# DESCRIPTION OF THE TASK
Give again, exactly as written, the lines of the records below from the line with "совкомбанк кредиты ипотека" to the line with "Ipad Retina Hd". Both end lines count; pictures do not.

# STUDY MATERIAL
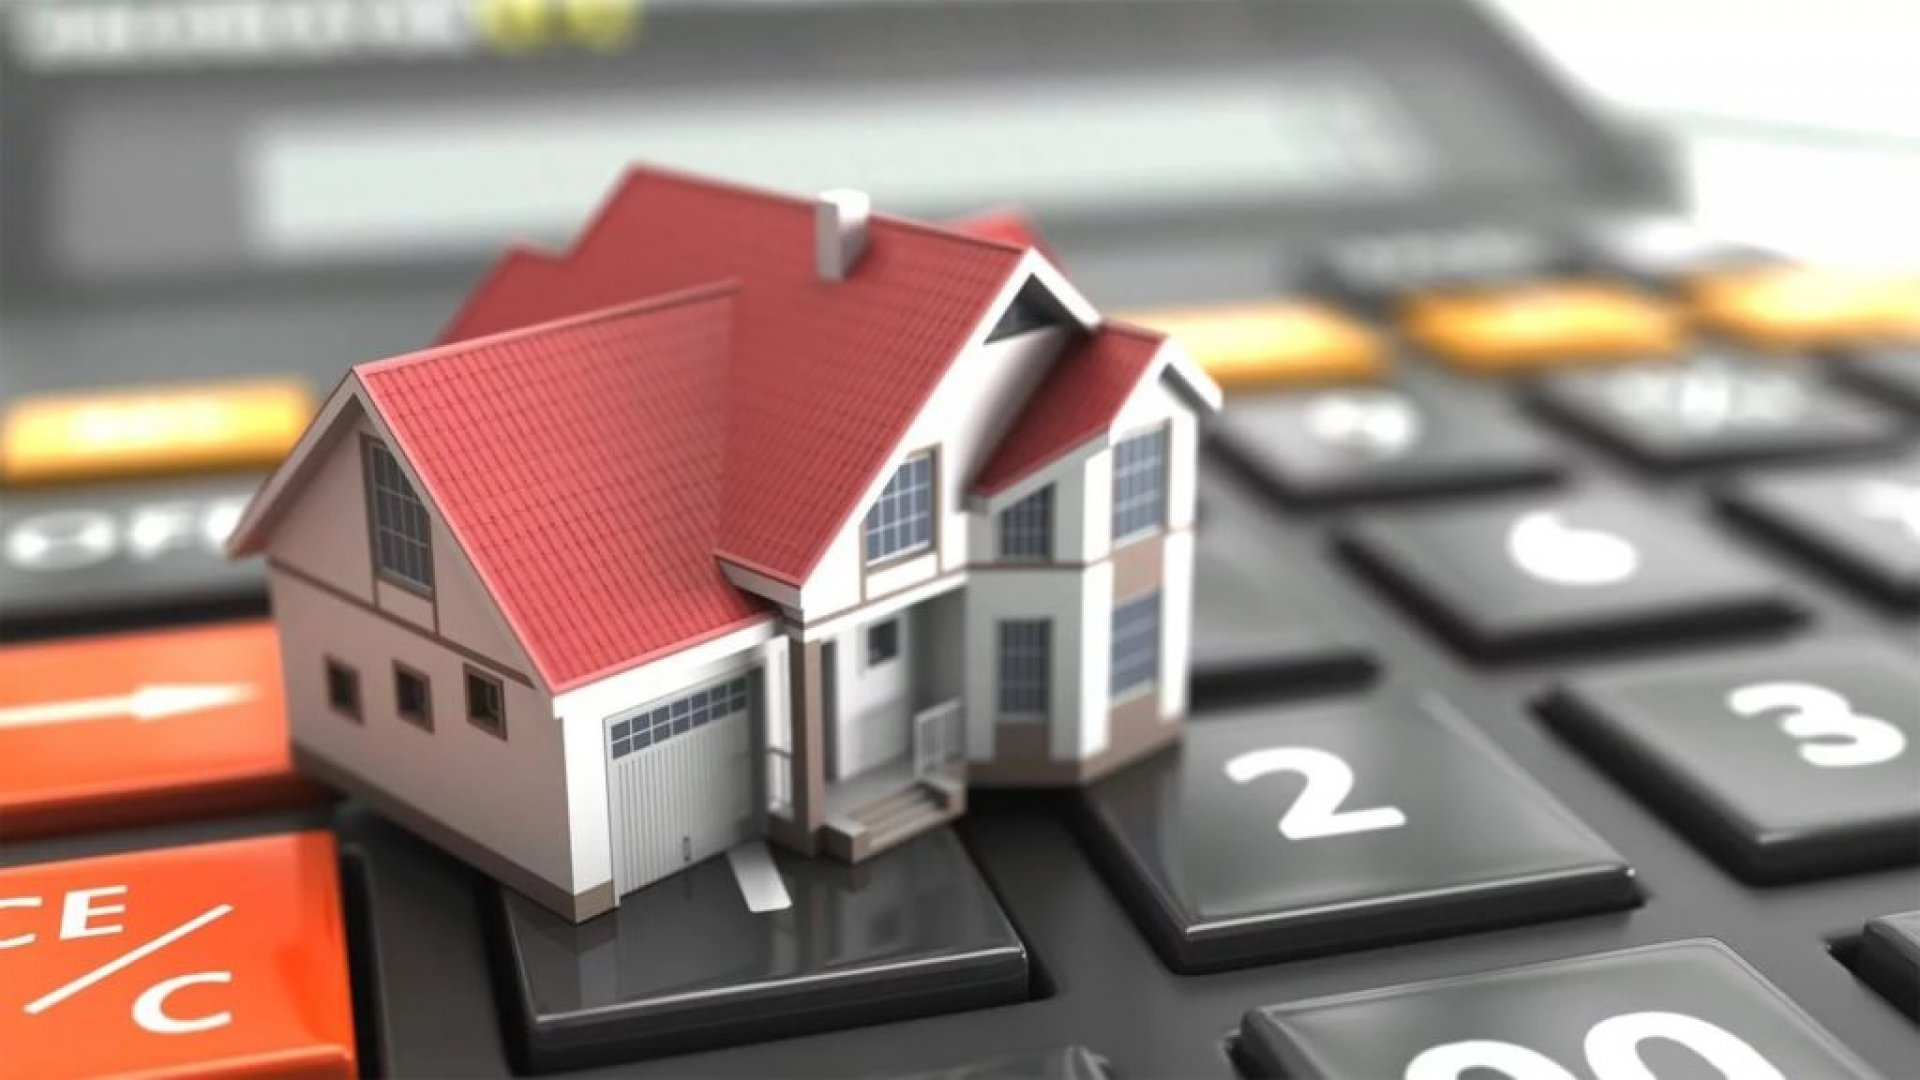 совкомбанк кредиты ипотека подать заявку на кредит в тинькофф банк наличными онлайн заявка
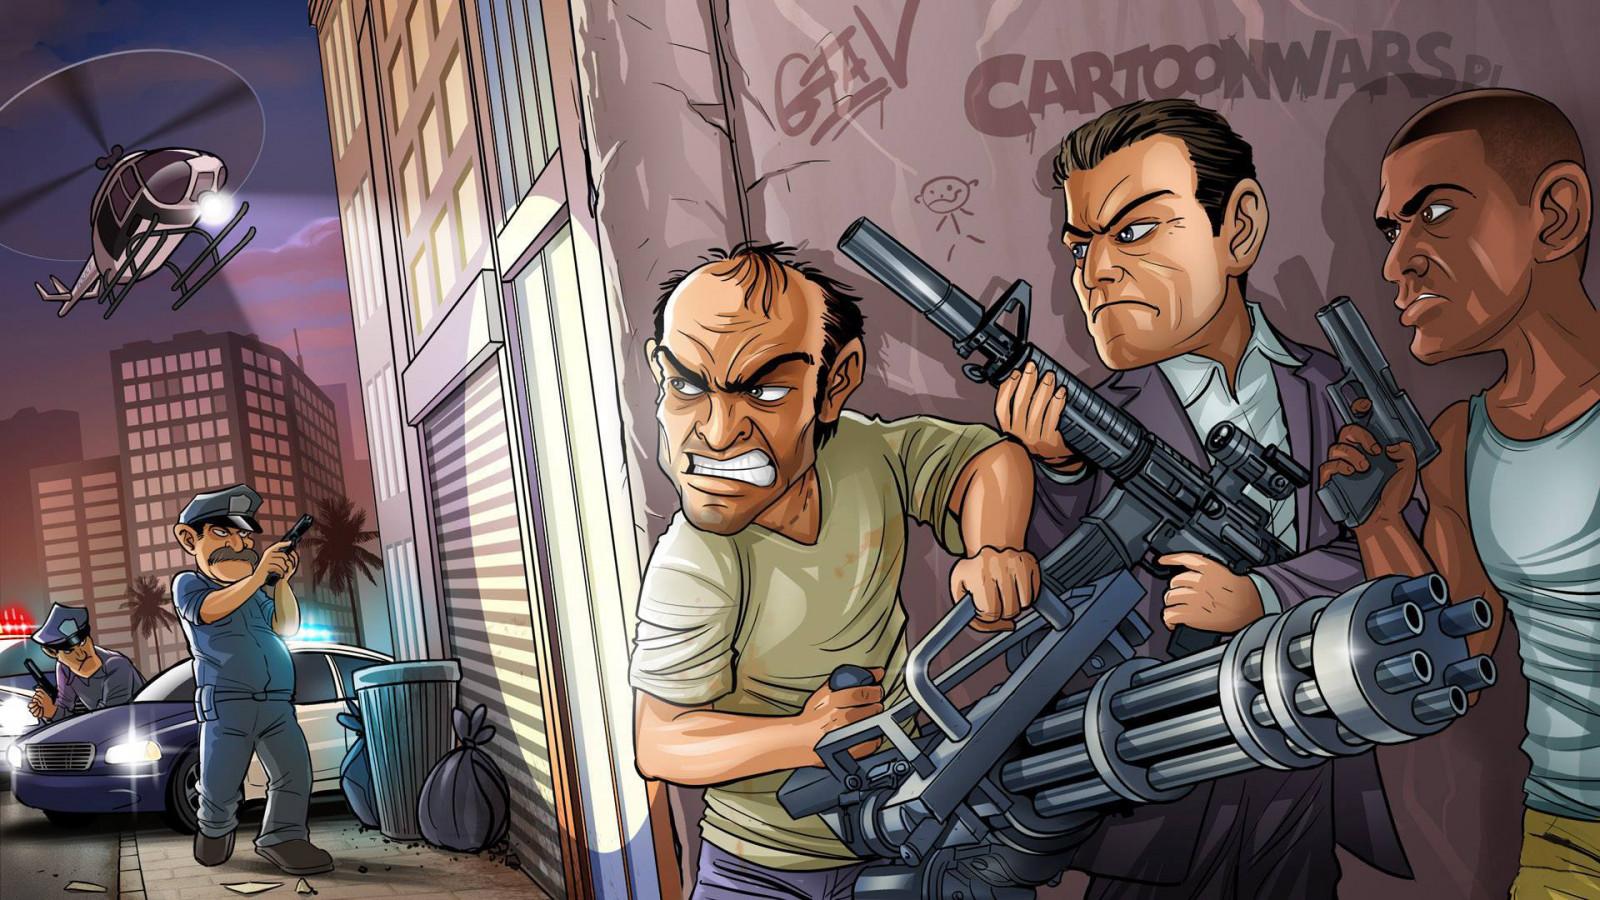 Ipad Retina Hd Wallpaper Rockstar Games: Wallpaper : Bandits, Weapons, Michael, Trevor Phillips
--
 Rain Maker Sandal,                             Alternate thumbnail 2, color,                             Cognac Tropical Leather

# FINISHED TASK
 совкомбанк кредиты ипотека подать заявку на кредит в тинькофф банк наличными онлайн заявка
 Ipad Retina Hd Wallpaper Rockstar Games: Wallpaper : Bandits, Weapons, Michael, Trevor Phillips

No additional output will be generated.